§ **Task details**: The lines to be extracted begin at the line containing "For Cheshire cat,Alice" and end at the last line of the data below; copy them exactly and leave out the pictures.

-- Collected material follows --

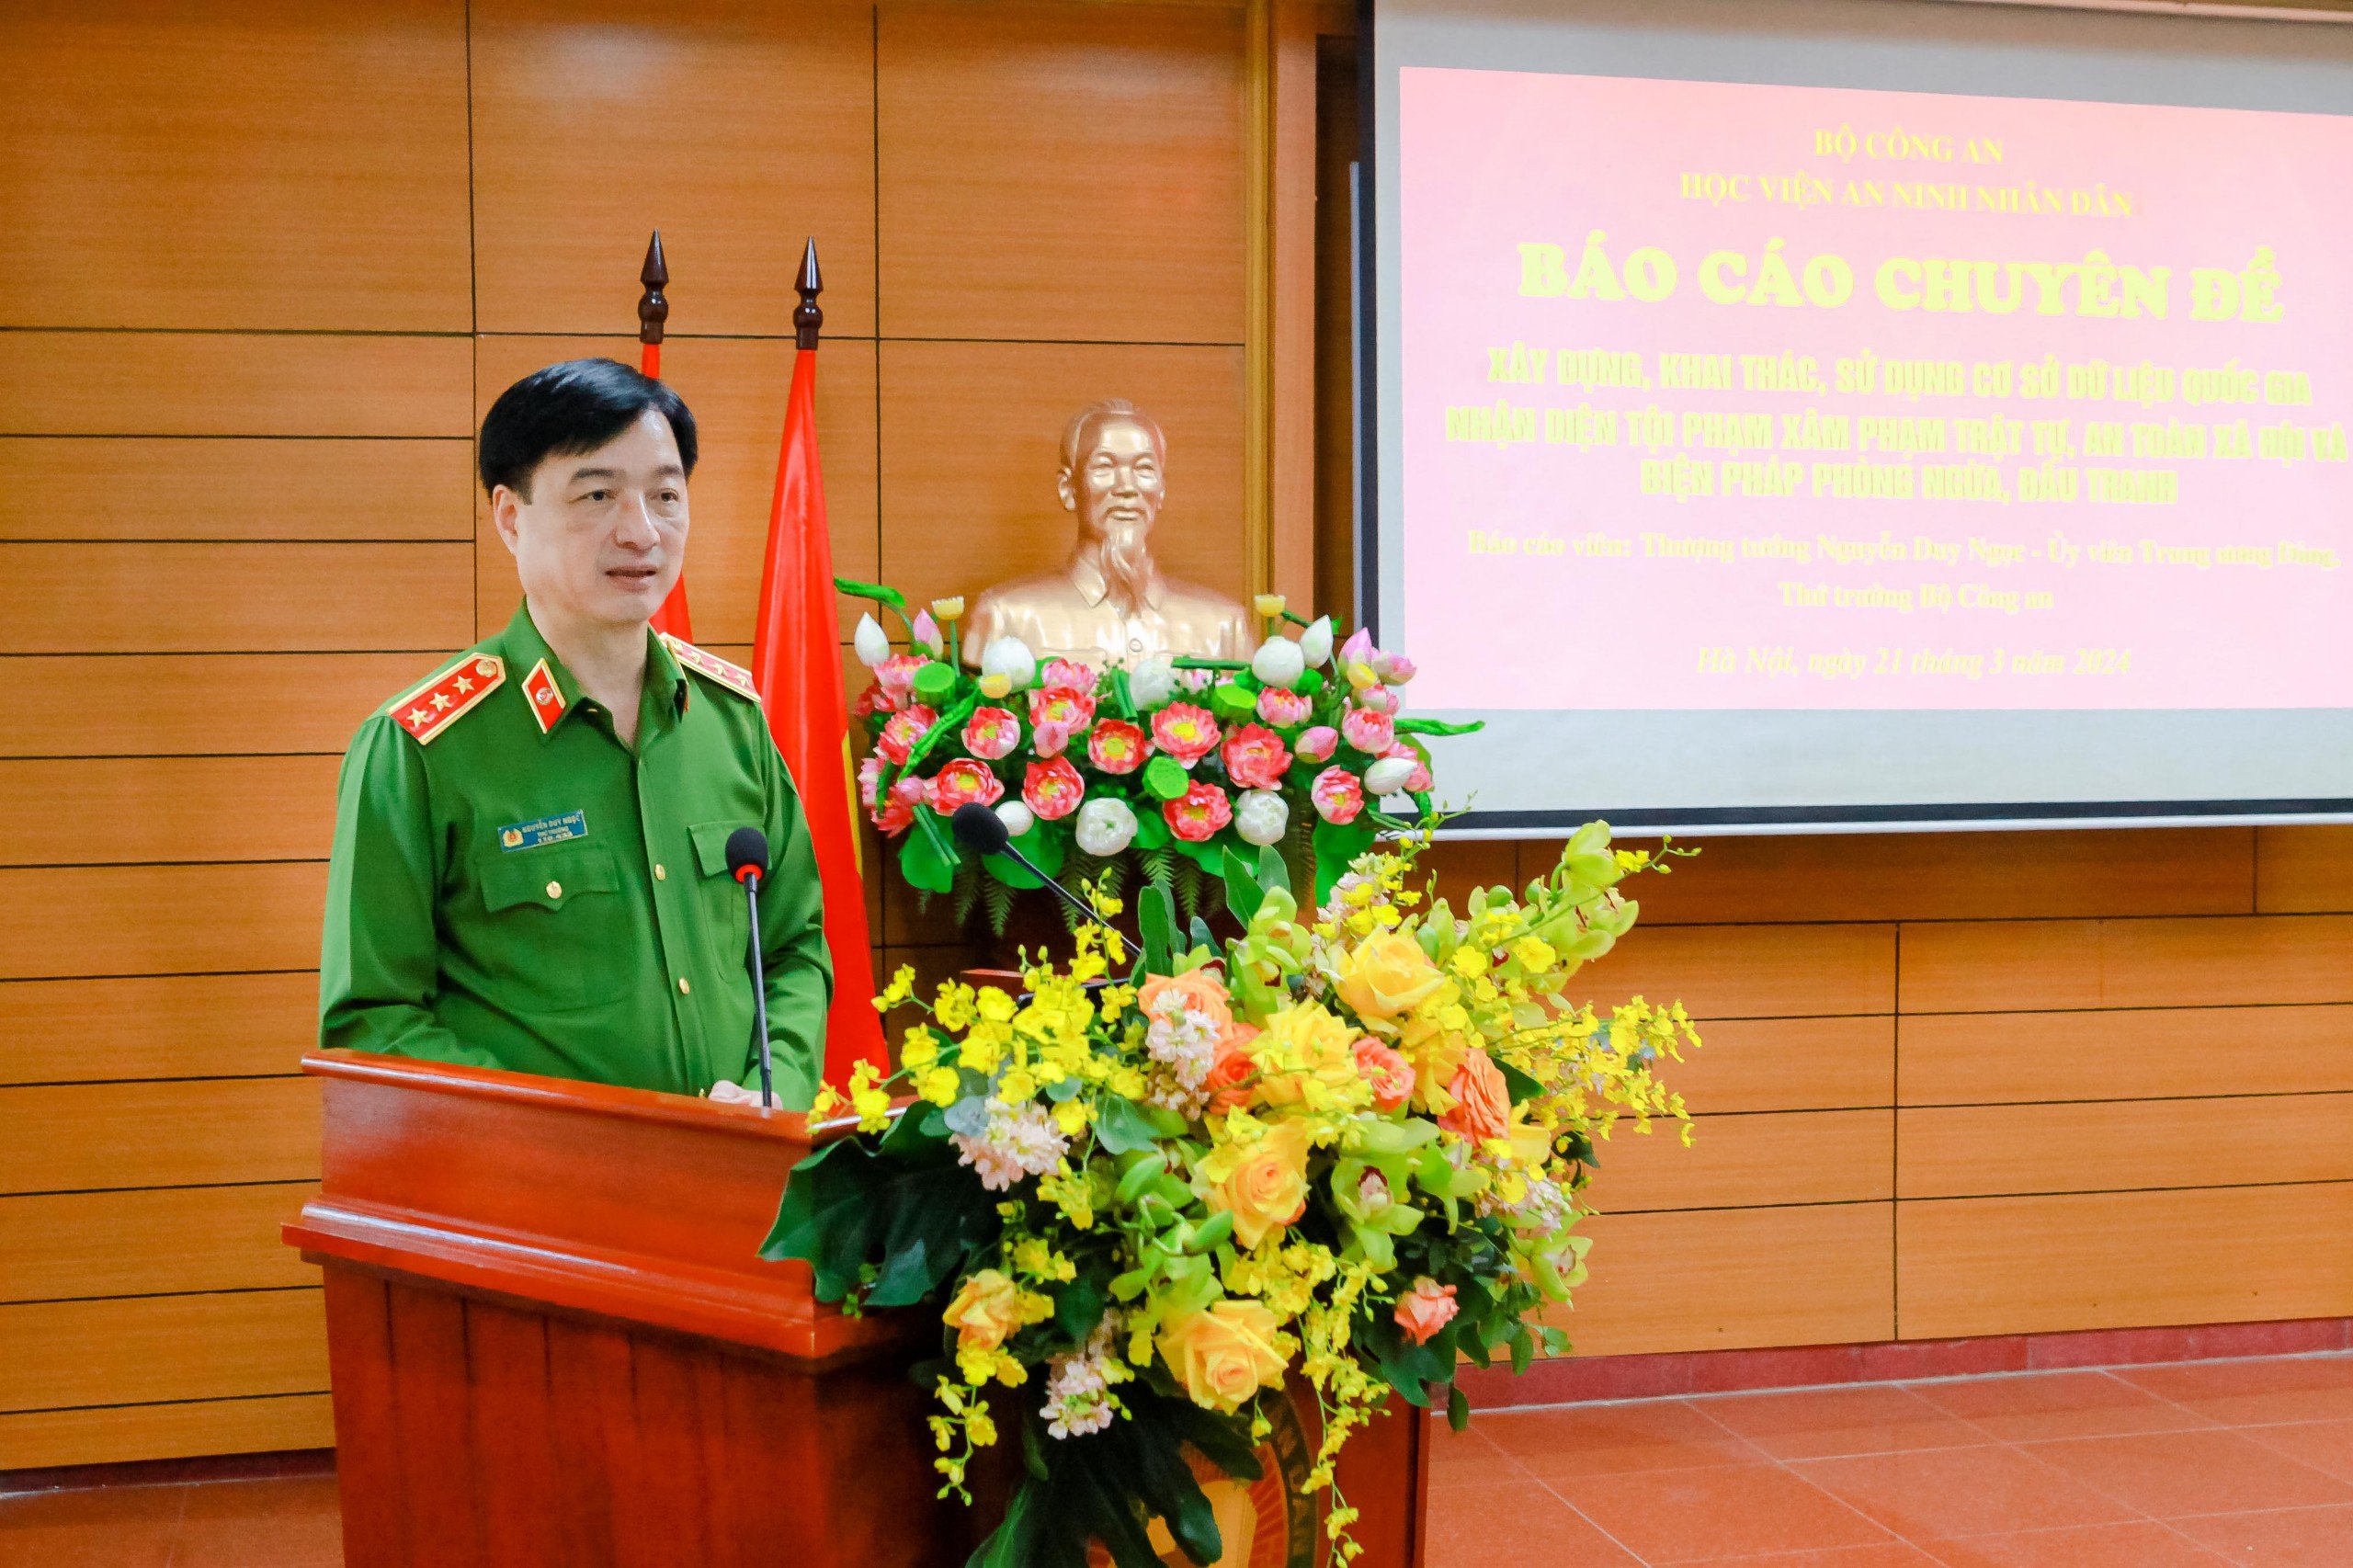 Thứ trưởng Nguyễn Duy Ngọc khen các đơn vị triệt xóa 2 hội nhóm kín, thu giữ 65 khẩu súng, hàng nghìn viên đạn
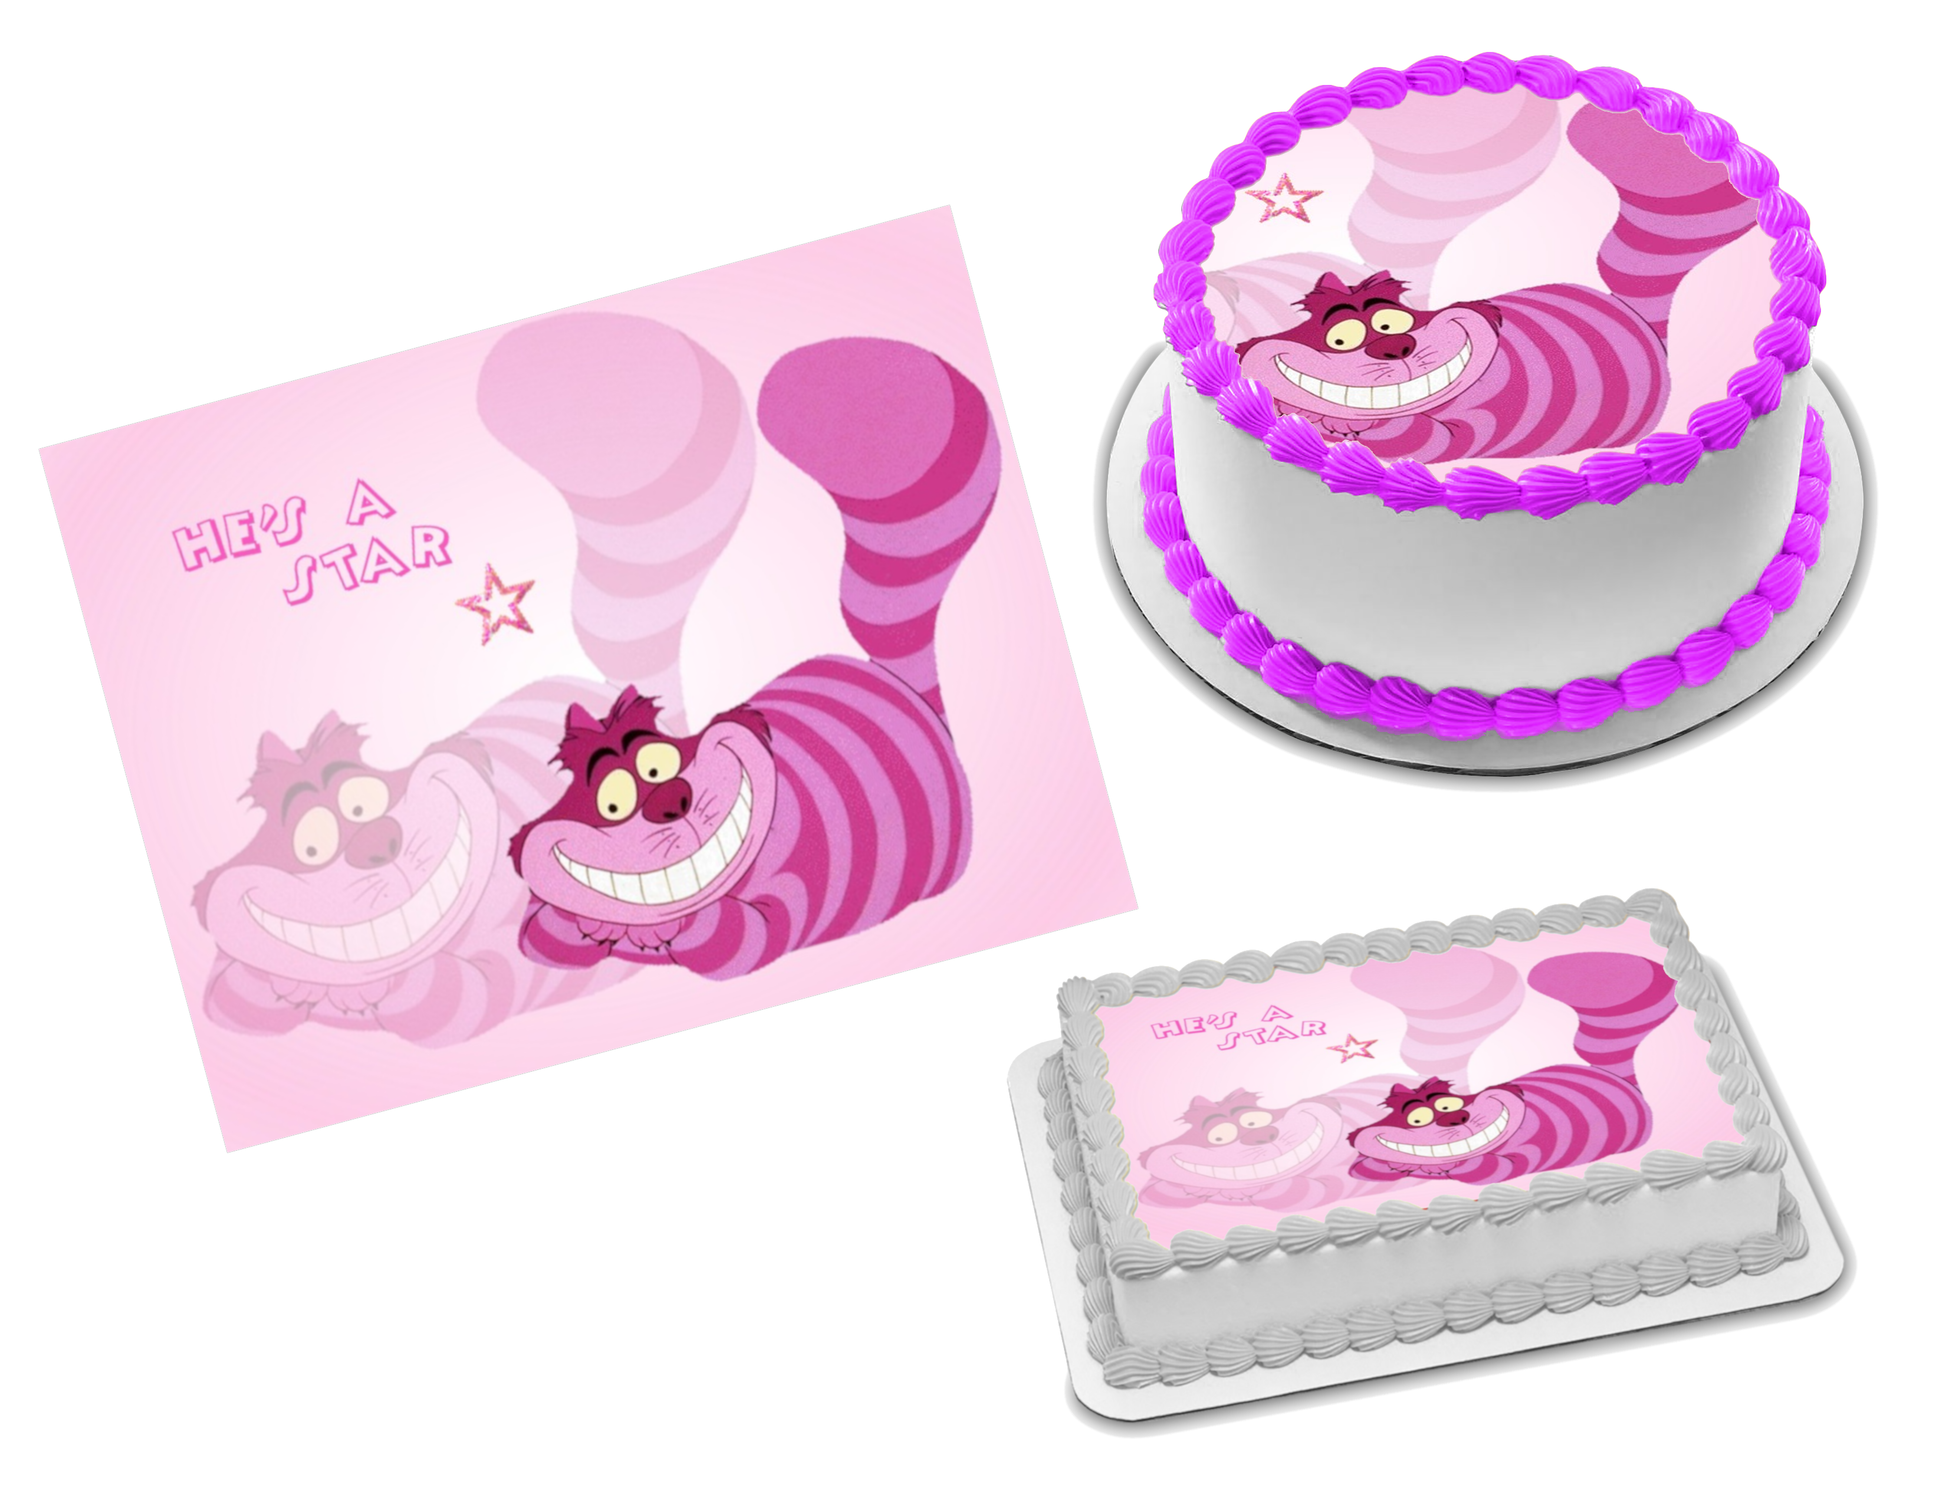 For Cheshire cat,Alice in wonderland cake,Handmade,Edible,Birthday
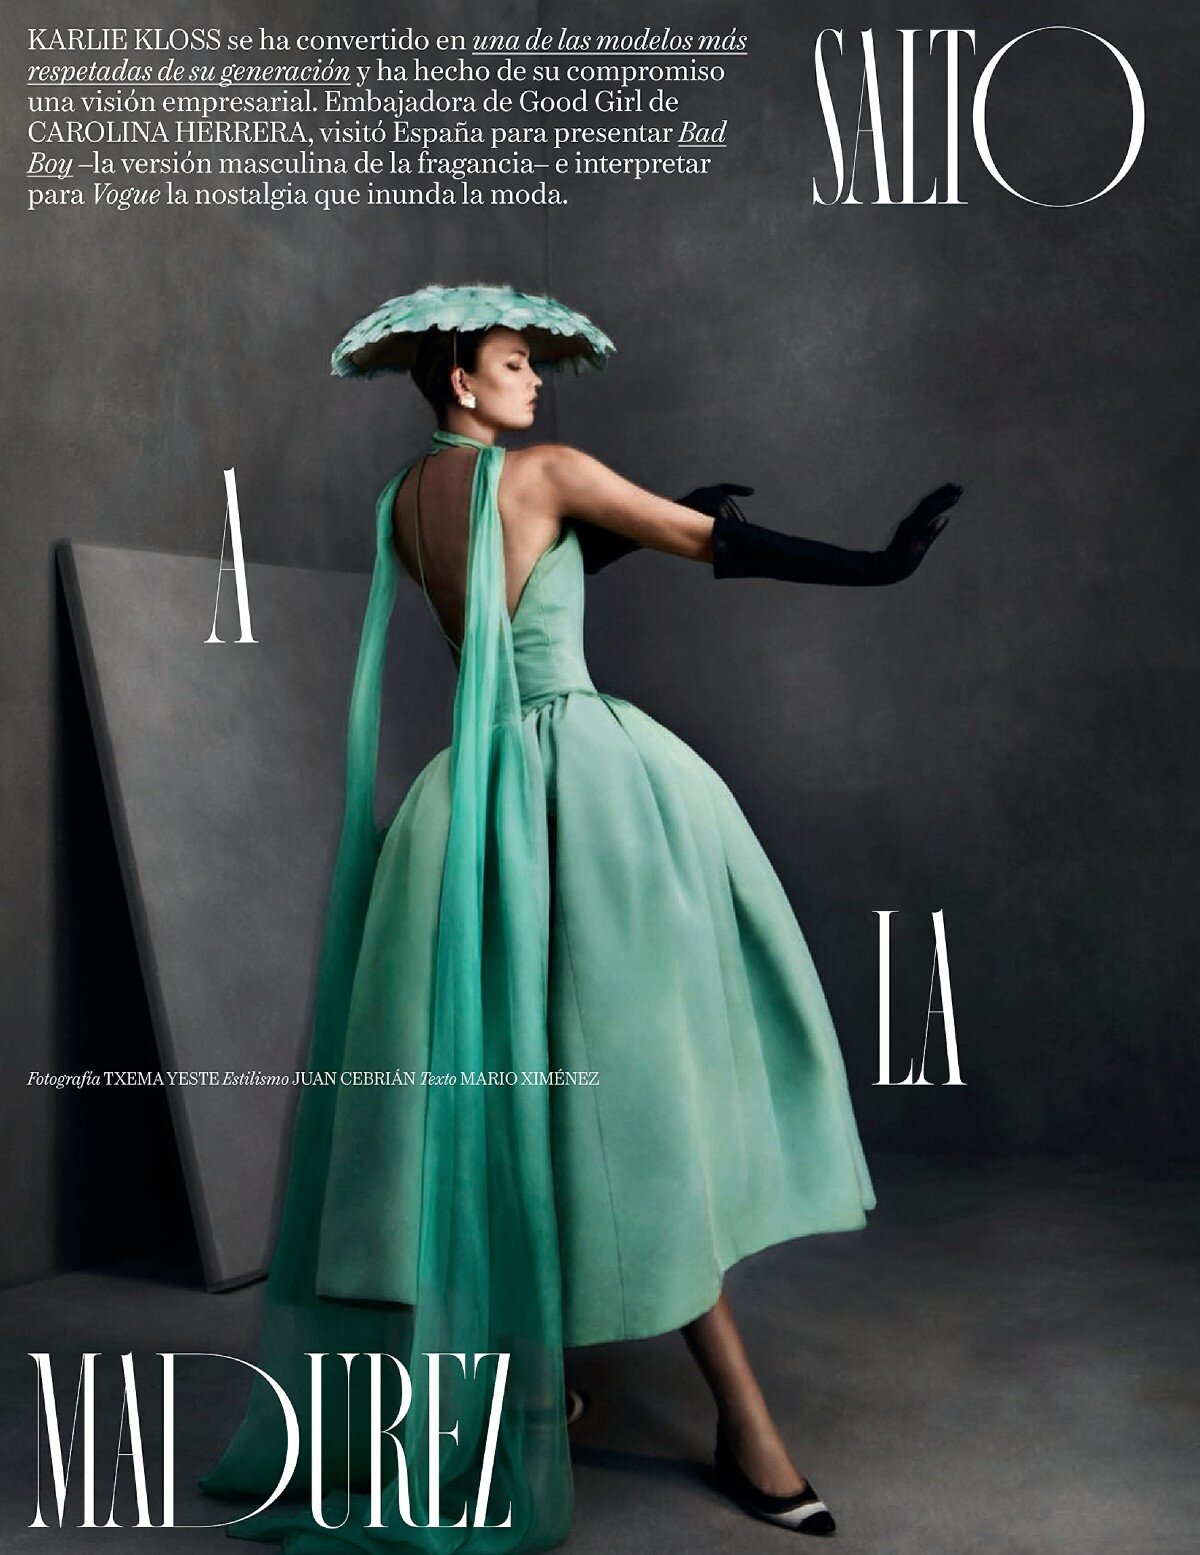 Karlie kloss by Txema Yeste for Vogue Spain December 2019 (11).jpg

-- Collected material concluded --

§ **Your response**:
 For Cheshire cat,Alice in wonderland cake,Handmade,Edible,Birthday
 Karlie kloss by Txema Yeste for Vogue Spain December 2019 (11).jpg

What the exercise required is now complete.